■ TASK OBJECTIVE
Every line of the entries below from the one containing "Kültür ve Turizm" to the one containing "Macy's Women's Stud Earrings In Silver", both ends included, must be written out exactly. No other line belongs in the answer.

■ MATERIAL FOR THIS EXERCISE
============================================================

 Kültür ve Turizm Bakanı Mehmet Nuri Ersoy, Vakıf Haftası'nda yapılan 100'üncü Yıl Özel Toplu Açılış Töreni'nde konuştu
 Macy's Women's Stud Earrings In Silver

============================================================

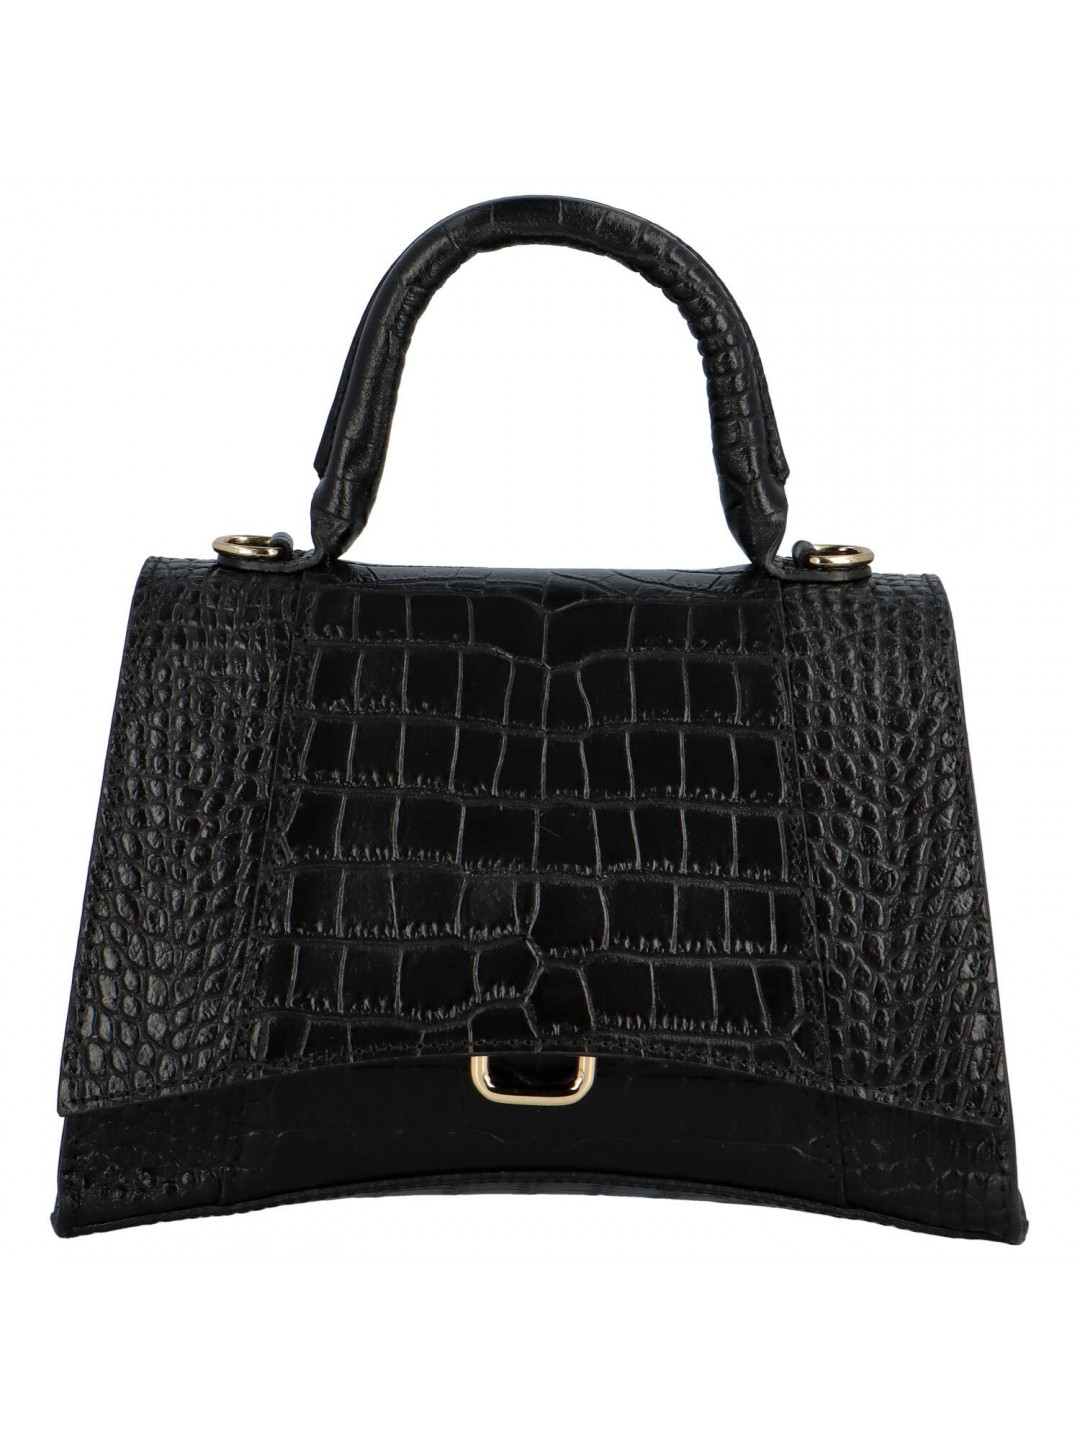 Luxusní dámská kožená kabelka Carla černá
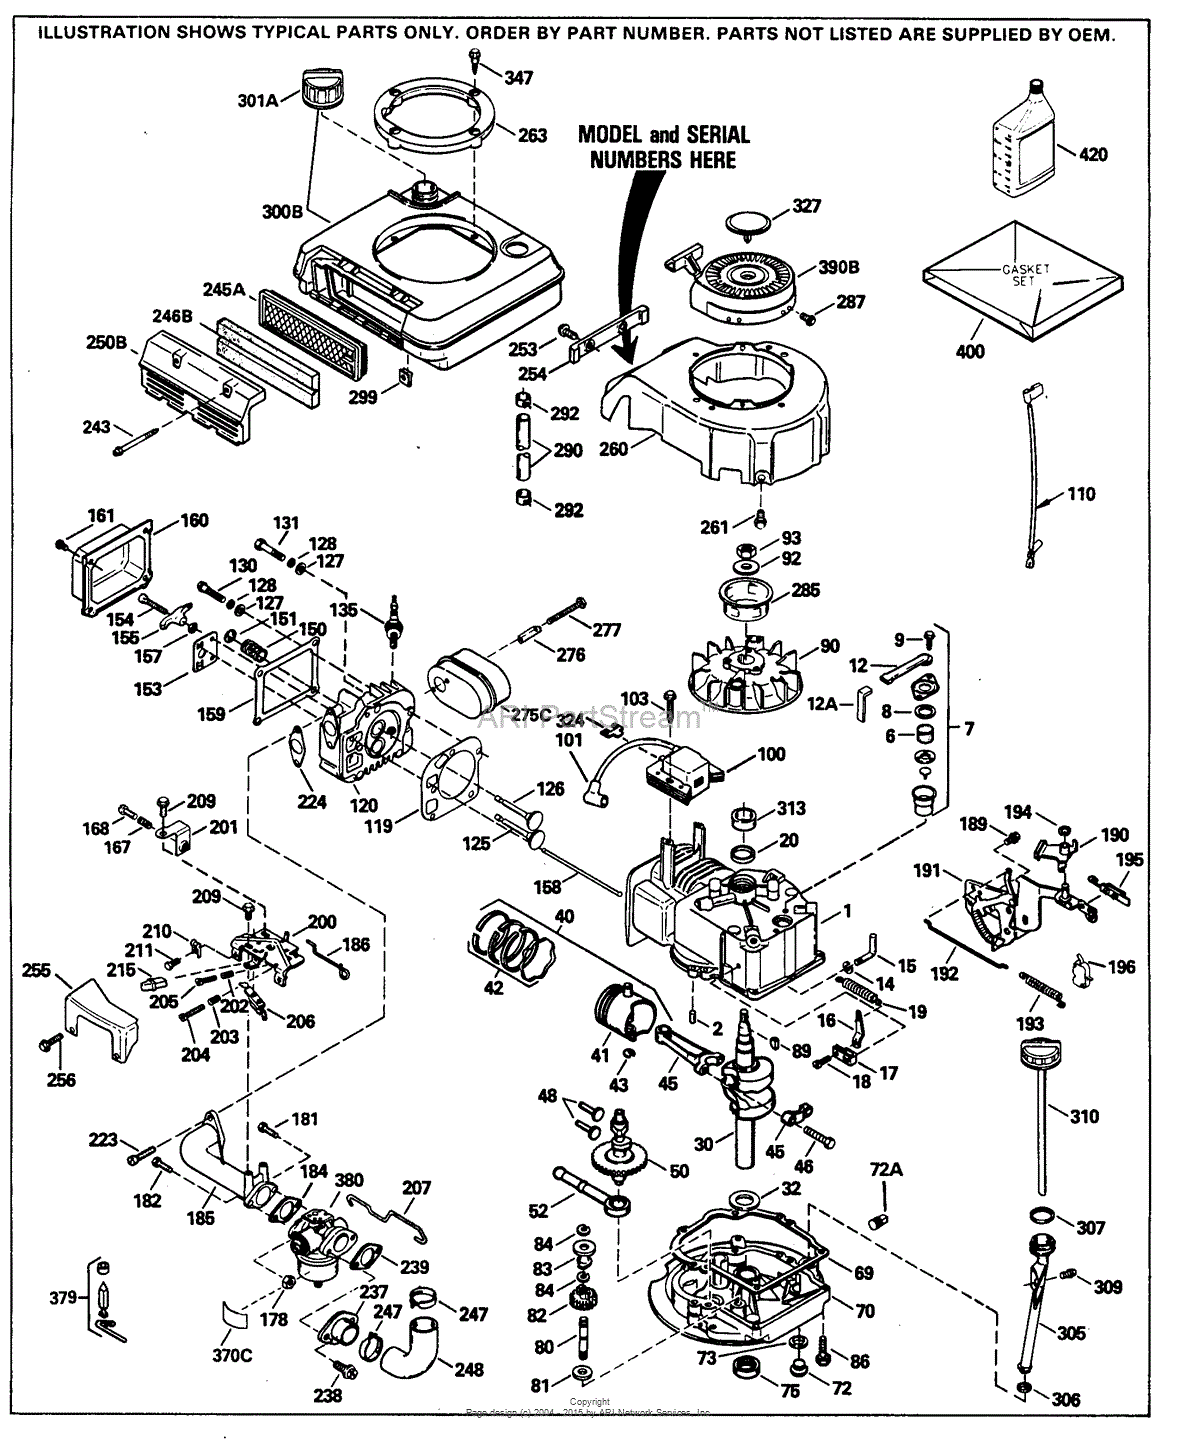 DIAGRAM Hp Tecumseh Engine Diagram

============================================================

■ ANSWER SECTION
 Kültür ve Turizm Bakanı Mehmet Nuri Ersoy, Vakıf Haftası'nda yapılan 100'üncü Yıl Özel Toplu Açılış Töreni'nde konuştu
 Macy's Women's Stud Earrings In Silver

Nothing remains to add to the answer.